Nouvelle précision sur le pouvoir du juge de l’honoraire soulevant un moyen d’office
La Cour de cassation poursuit sa construction jurisprudentielle sur l’étendue du pouvoir du juge de l’honoraire (voir récemment, C. Caseau-Roche, Les pouvoirs du juge de l’honoraire : encore une pierre à l’édifice jurisprudentiel, JCP 2020. 1745) en apportant une nouvelle précision sur son office cette fois pour un moyen soulevé d’office dans un arrêt rendu par la deuxième chambre civile le 22 octobre 2020.

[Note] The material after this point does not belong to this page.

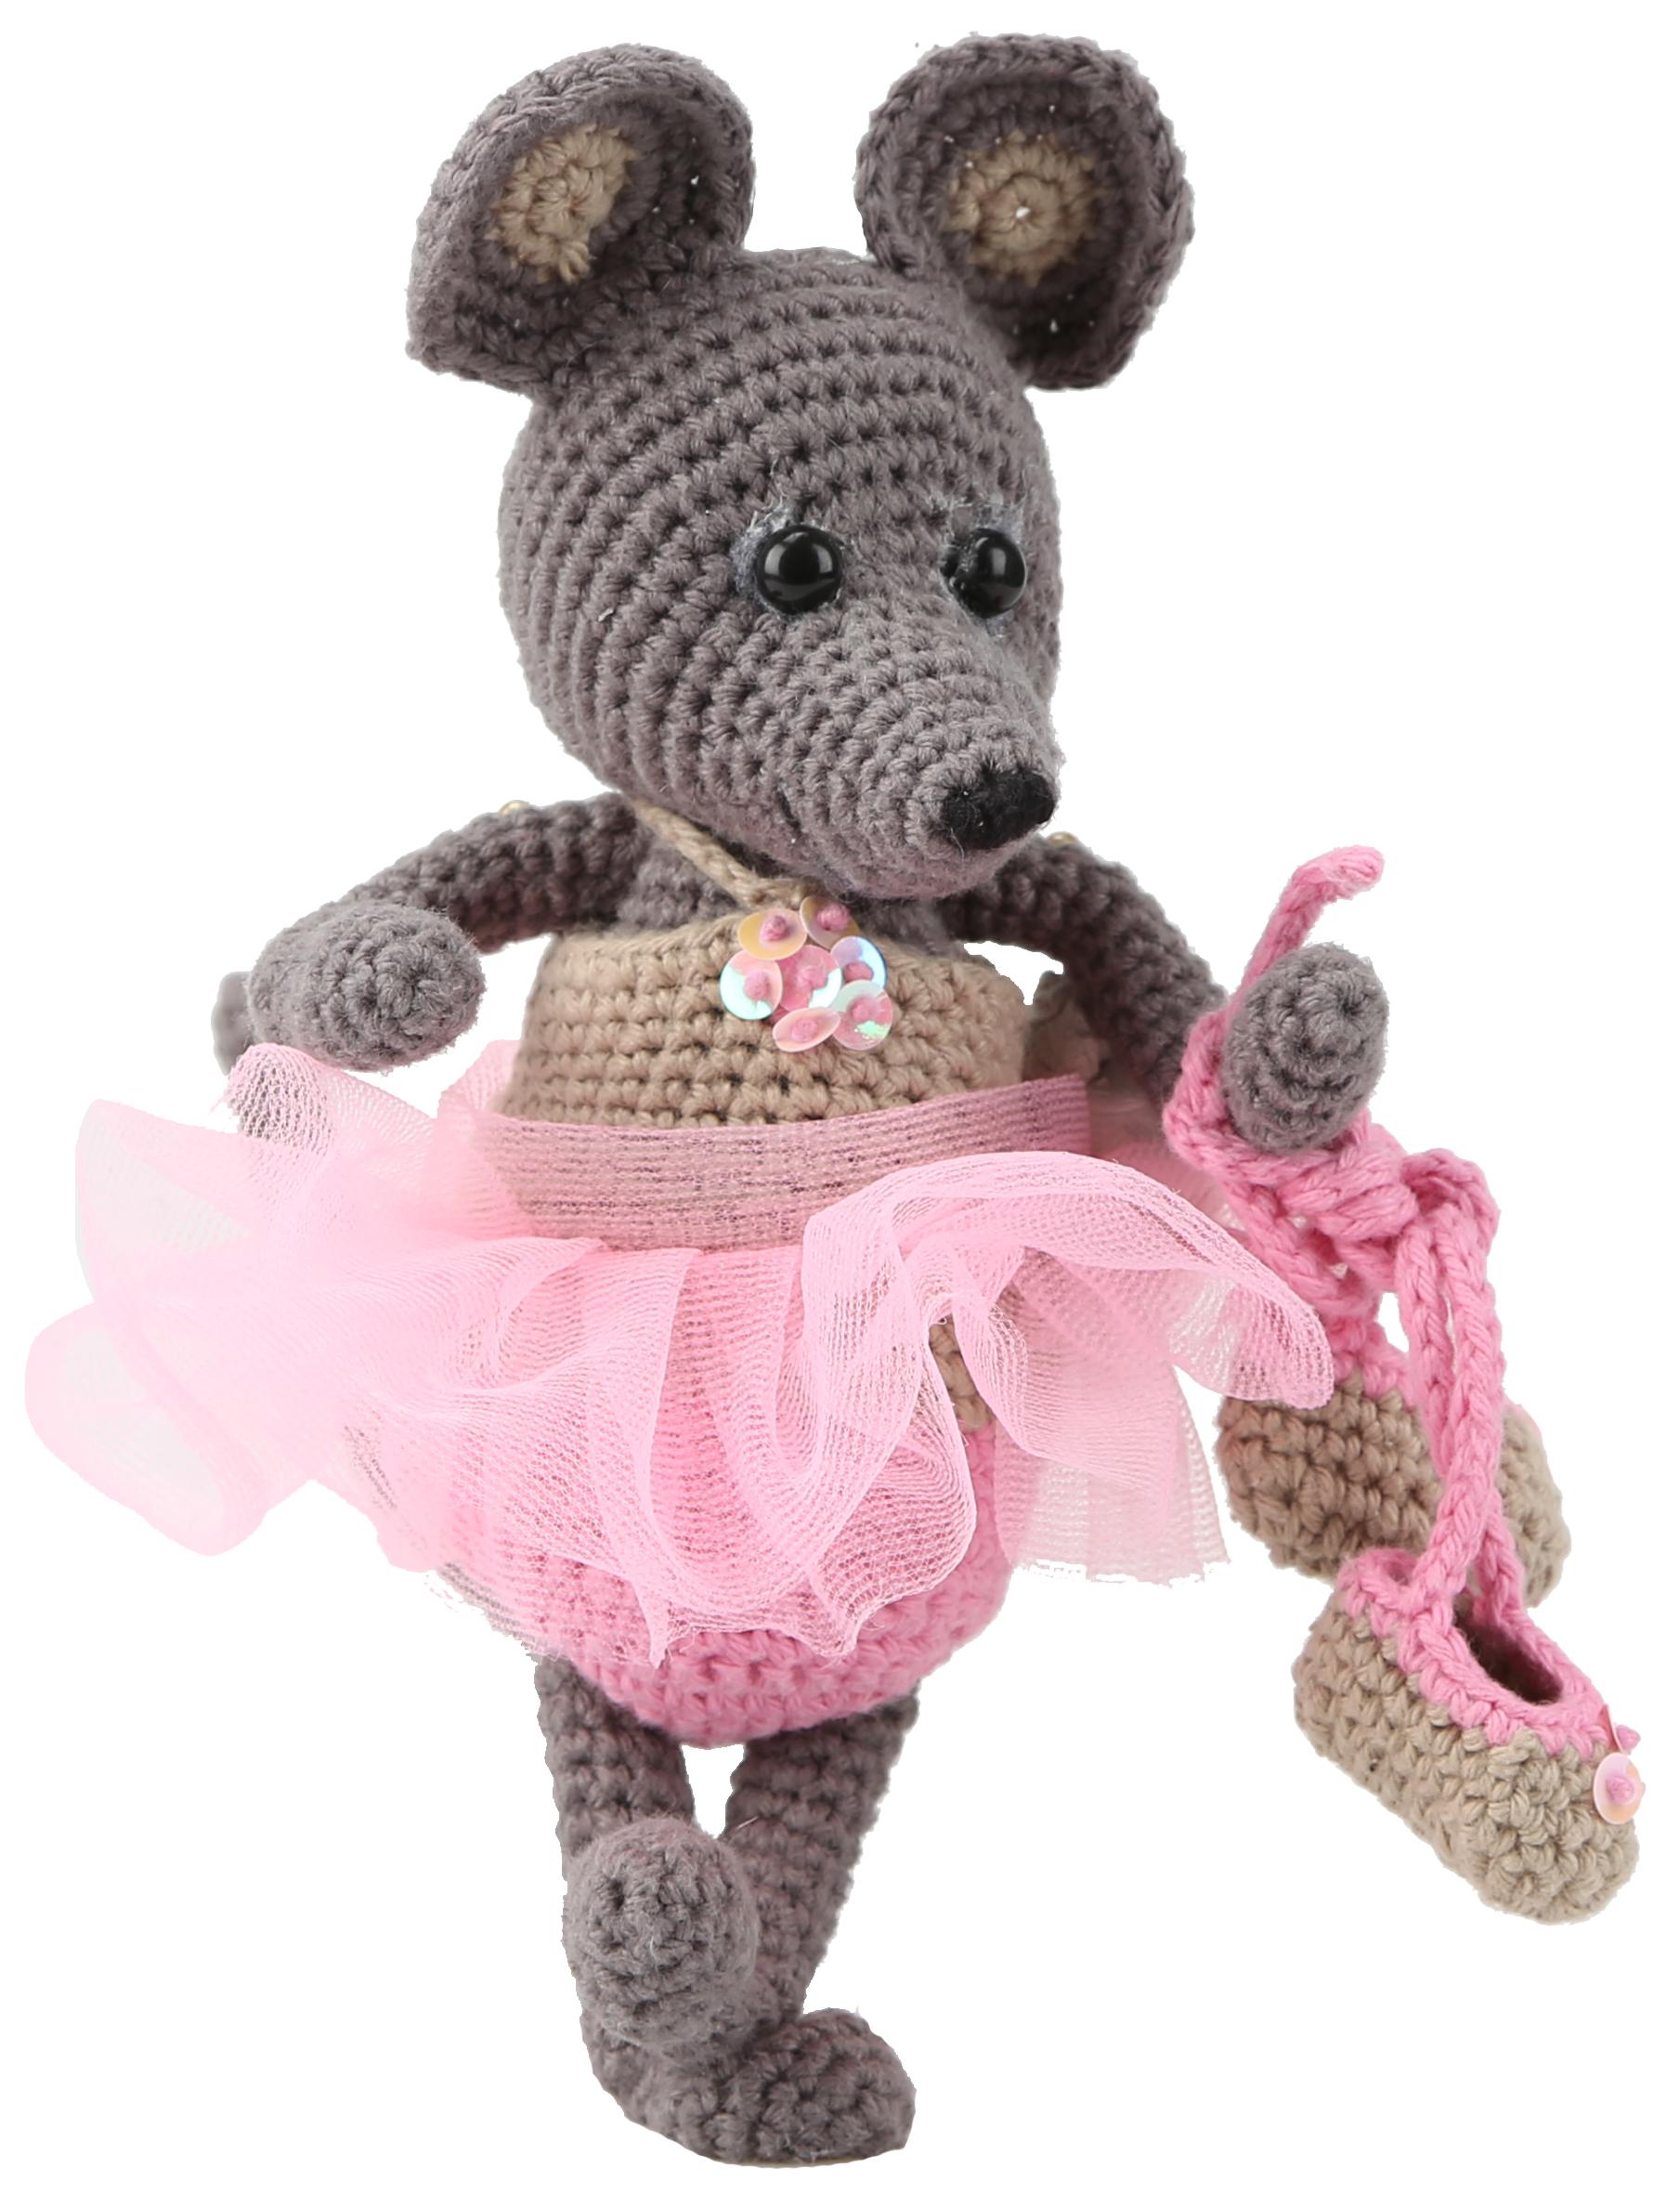 Ballerina-Mouse amigurumi pattern - Amigurumipatterns.net | 2376x1809

En l’espèce un client a conclu une convention d’honoraires avec son avocat en vue de la défense de ses intérêts. Après avoir acquitté trois factures pour un montant global de 4 200 € et dessaisi son avocat avant la fin de la mission, il a refusé de régler deux nouvelles factures de 1 800 € chacune et a porté sa contestation devant le bâtonnier. Le premier Président, intervenu en appel, a relevé d’office la caducité de la convention et a fixé les honoraires à la somme de 2 200 €, obligeant ainsi l’avocat à restituer la somme de 2000 euros à titre de trop perçu. L’avocat a donc formé un pourvoi contre cette ordonnance en considérant que le juge ne peut relever d’office un moyen sans avoir au préalable invité les parties à présenter leurs observations. Sur le fond, la question, au cœur du contentieux, porte sur la validité de la convention d’honoraires, et plus particulièrement sur le défaut de la fixation du taux horaire, alors même que le mandat du conseil a pris fin avant l’achèvement de sa mission. La Cour de cassation s’est néanmoins concentrée sur le problème de la procédure. Au visa de l’article 16 du code de procédure civile, elle rappelle (§§ 4 et 5) dans un chapeau interprétatif très pédagogique : « qu’aux termes de ce texte, le juge doit, en toutes circonstances, faire observer et observer lui-même le principe de la contradiction. Il ne peut fonder sa décision sur les moyens de droit qu’il a relevés d’office sans avoir au préalable invité les parties à présenter leurs observations. En procédure orale, il ne peut être présumé qu’un moyen relevé d’office par le juge a été débattu contradictoirement, dès lors qu’une partie n’était pas présente à l’audience ». Elle censure donc le Premier président d’avoir réduit les honoraires alors que : « le client n’était pas présent à l’audience et qu’il ne ressort ni de la décision ni des pièces du dossier de procédure que la partie présente ait été, au préalable, invitée à formuler ses observations sur le moyen relevé d’office, pris de la caducité de la convention d’honoraires » (§§ 7 et 8).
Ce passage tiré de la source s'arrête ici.